The film has received mostly positive reviews from critics. The script will be released at the Tower Foundation Auditorium on Wijerama Mawatha, Colombo on the evening of 18 March 2020.

Plot
Dinithi tries very hard to communicate with her husband, but he ignores her presence relentlessly. The harder she tries to reach him, the deeper his silence becomes. Their 8-year-old daughter watches them. Her parents try to get involved but receive the same silent treatment from him. Dinithi doesn't work anymore. When she steps out of the house, it is only in pursuit of domestic chores, with the same taxi that has been arranged for her by her husband. That driver seems to be very friendly. Even Sanka, Dinithi's young cousin, who's staying with them seems to be overly friendly with her. One day, the husband is drawn into a road accident in which a pedestrian is killed.
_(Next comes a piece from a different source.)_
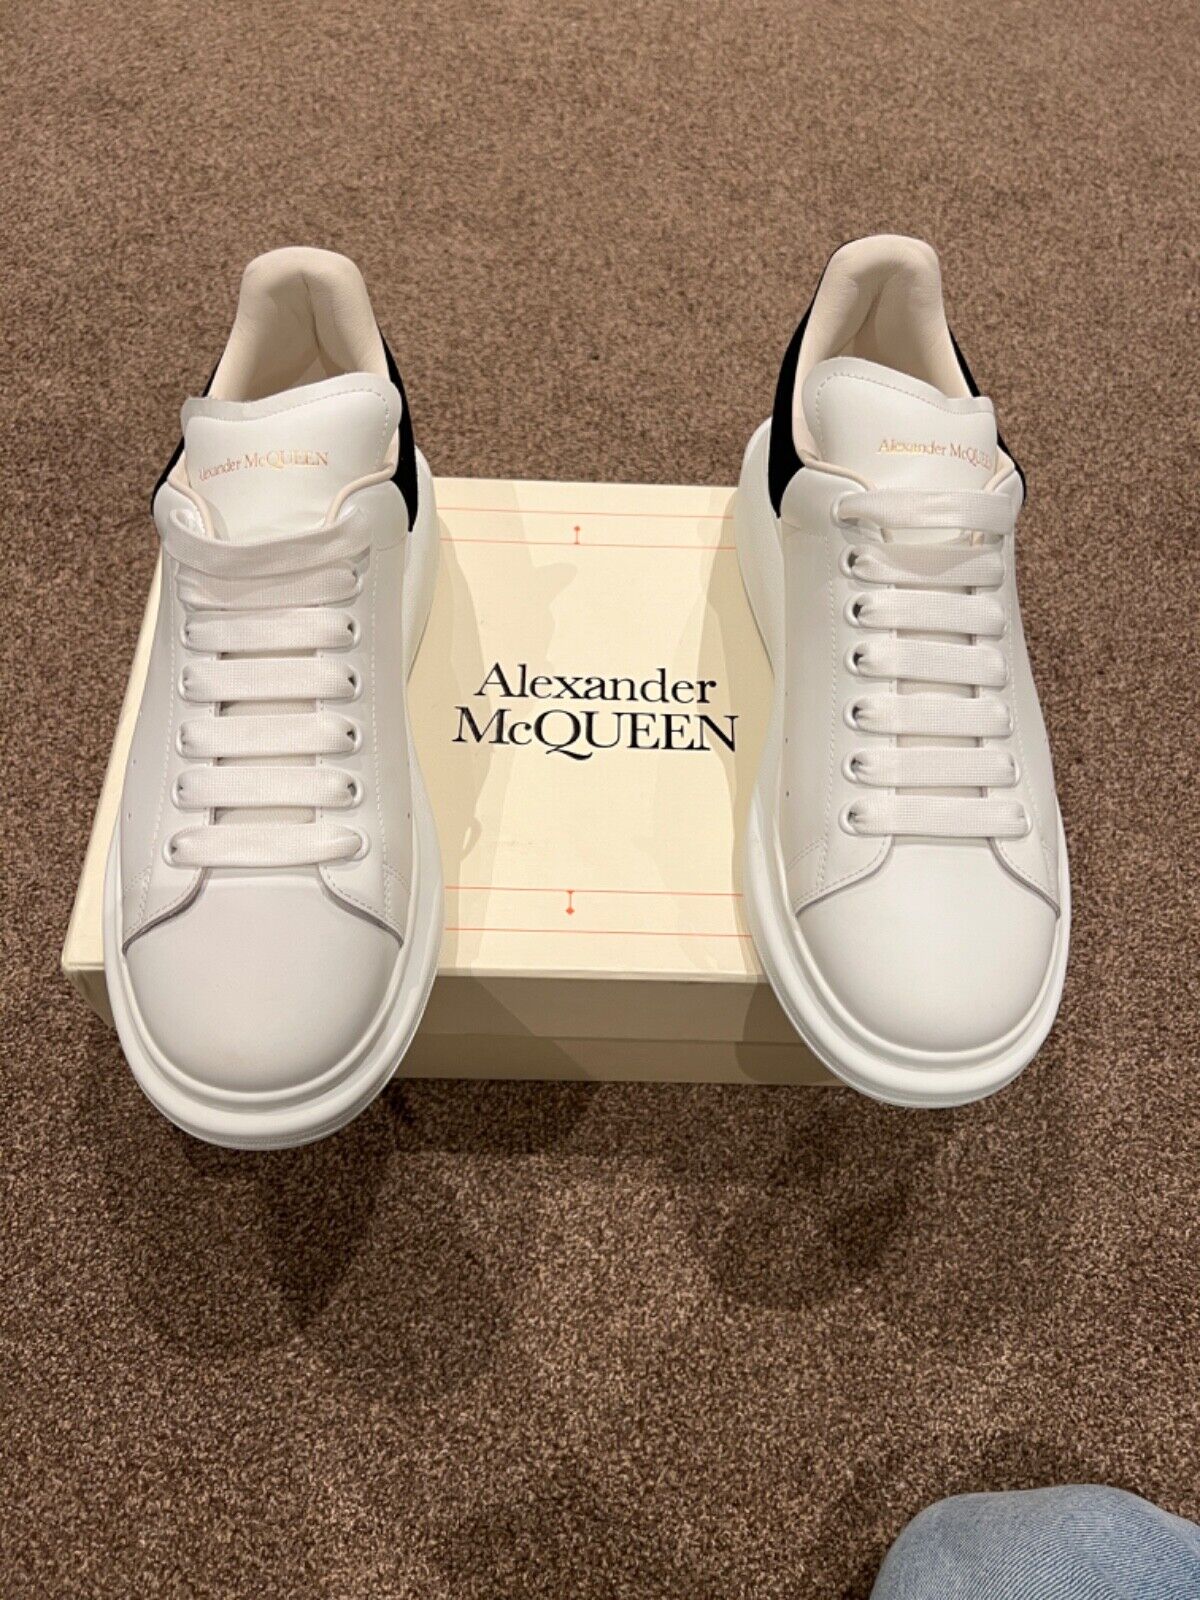 ALEXANDER MCQUEEN Oversized Larry Sneakers White Leather Men\'s Size  45 Shoes

Dinithi rushes to his side, hoping to be of some help.

Cast
 Samadhi Laksiri as Dinithi
Bimal Jayakodi as Sachithra
 Jagath Manuwarna as Sanka
 Lakshman Mendis as Dinithi's Father
 Chamila Peiris as Dinithi's Mother
 Kaushalya Fernando as Sachithra's Mother
 Dayadewa Edirisinghe as Sachithra's Father
 Prasanna Mahagamage as Chamara
 Kushenya Sayumi Fonseka as Daughter
 Dilshani Perera as Dilrukshi as Dinithi's Sister
 Athula Pathirana as Pasindu
 Nadee Kammellaweera as Lahari
 Ananda Premalal as Baas
 Chaminda Sampath Jayaweera as Jagath
 Samanalee Fonseka as Sarini
 Ama Wijesekara as Ama
 Prasad Pereira as Prasad
 Kumuduni Wicramathanthri as Eeasha

International screening
The film has been screened worldwide with positive reviews from critics.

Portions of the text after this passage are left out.